There will also be ferries, which adds a pleasing note of adventure while in practice mostly means “a small boat I very much hope is running.” The route involves crossings around places like Hythe, Hamble and Gosport - all of which sound faintly fictional, as if they ought to be home to retired colonels and a highly specific sort of dog. Should any of these fail, I am assured there are alternatives involving taxis, bridges, and mild irritation. This is the kind of contingency planning that feels robust in theory and faintly ominous in reality.
Accommodation-wise, I shall be staying in proper places each night, which is important because I have reached an age and temperament at which “roughing it” sounds less like character-building and more like poor administration. The intended stops are sensible, coastal, and close enough to the route to avoid adding unnecessary bonus mileage to an already ambitious undertaking. There is no camping involved, because I have no desire to spend the evening wrestling with nylon in a field while pretending this constitutes freedom.
And I should say - crucially, from a podiatry perspective - that my feet are almost certainly going to take an absolute battering.
Which does at least mean I will be in the right hands afterwards.

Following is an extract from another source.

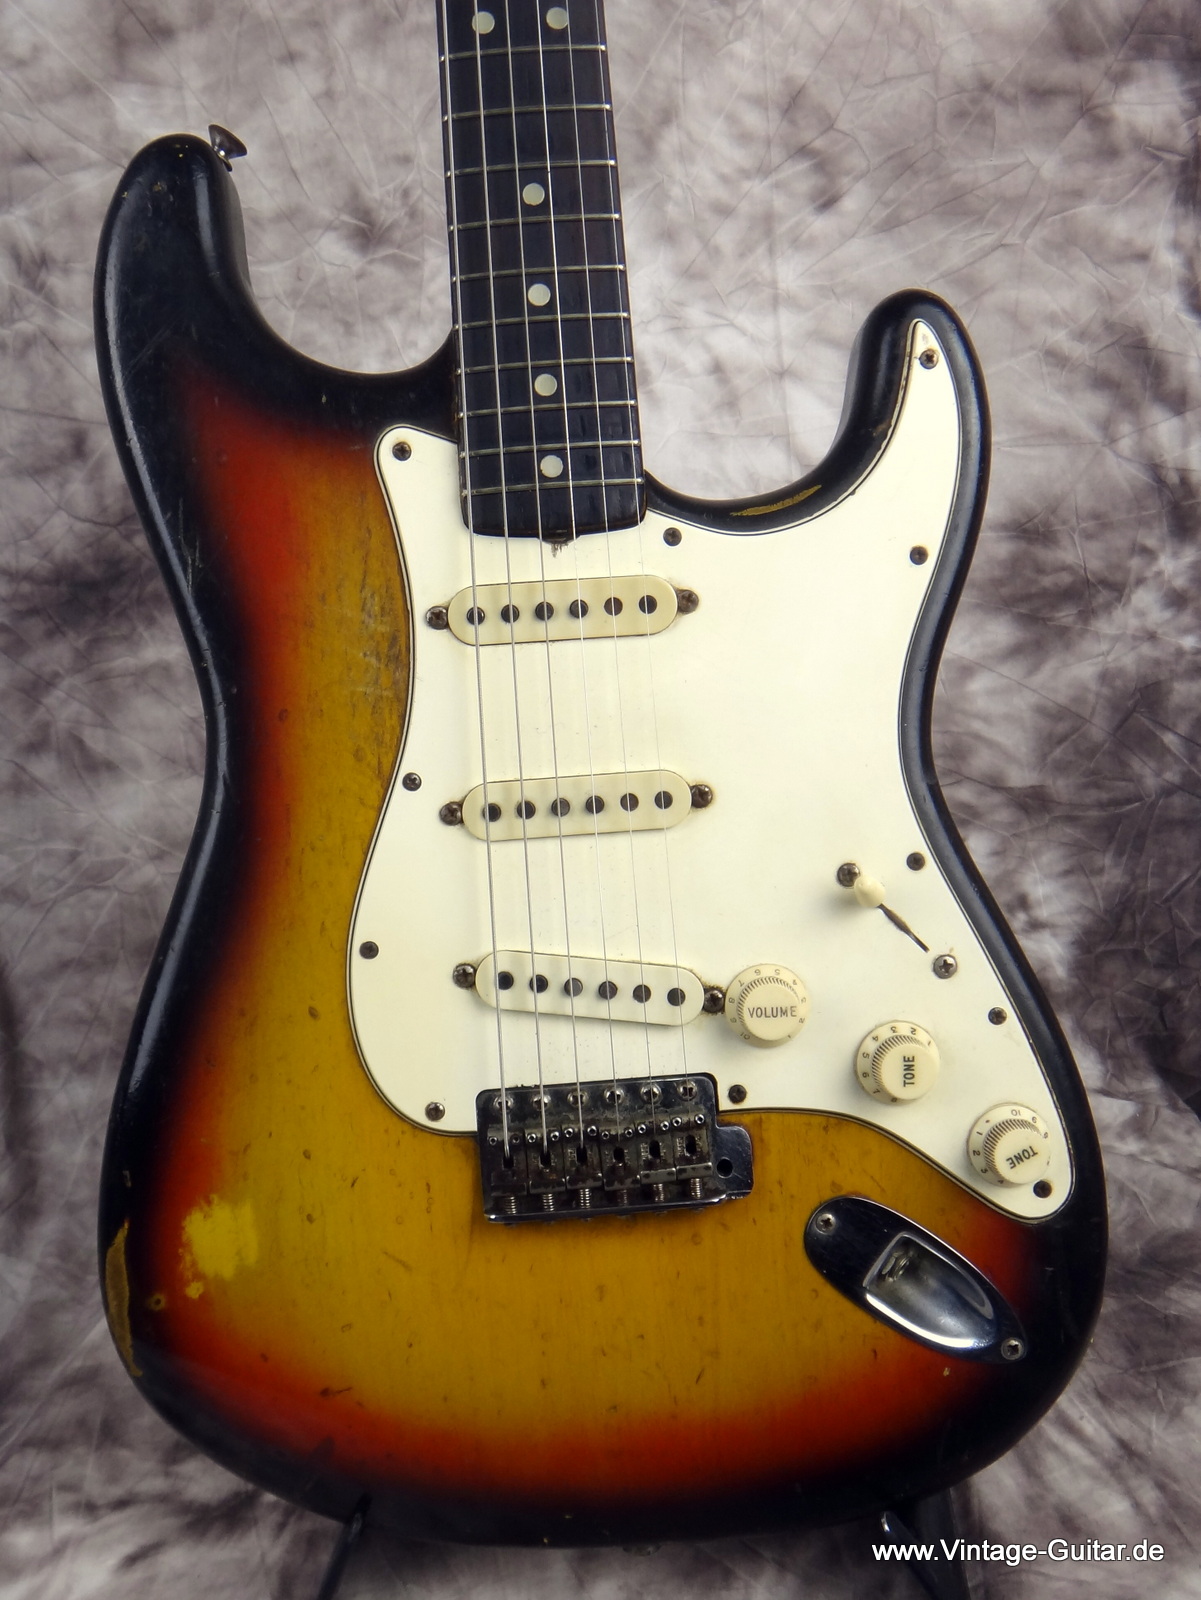 Fender_Stratocaster_1965-sunburst_all-original-002.JPG

One of the things I’m most grateful for at Clockhouse Podiatry is the team around me. While I’m off making spectacularly poor life choices along the south coast, I know full well I’ll be relying on the wonderful team here for support, advice, sympathy, treatment, and no doubt a fairly relentless level of “well, you did choose to do it.” If anyone is going to get me patched back together afterwards, it will be the people I work alongside every day.
And honestly, that feels rather fitting.
Because while this may technically be my silly idea, one of the nicest things about doing something like this is that it never really feels like you’re doing it entirely alone. There’s always support, encouragement, messages, check-ins, and people quietly willing you on - and I know from last time just how much that matters when you’re somewhere between “heroically persevering” and “mildly limping into the nearest village.”
And so here we are again: on the brink of another entirely avoidable expedition.
I am, as previously established, very unfit. I am underprepared. I have not become mysteriously younger, lighter, or more aerodynamic since last time. There is every chance that by day two I will be moving with the grace and mechanical confidence of a wardrobe being pushed across a carpet. But there is also, I suspect, something very good about setting off to do a thing that is difficult, faintly silly, and just beyond one’s comfortable limits.
Not because suffering is noble - it generally isn’t - but because there is a strange joy in doing something gloriously unnecessary. In taking yourself, your doubtful knees, and your extremely average cardiovascular system off along the British coast simply because it seemed, at some point, like a good idea.
Which, history suggests, is exactly the sort of thing I should never be trusted with.
So that’s the plan. Four days. The Solent Way. The wonderful British coast. Questionable fitness. Dubious preparation. Probably some weather. Almost certainly some regret. And, if all goes well, a finish line in Emsworth and the deeply satisfying knowledge that once again I have chosen the most inconvenient possible route to personal growth.
If nothing else, it should at least make for a decent story.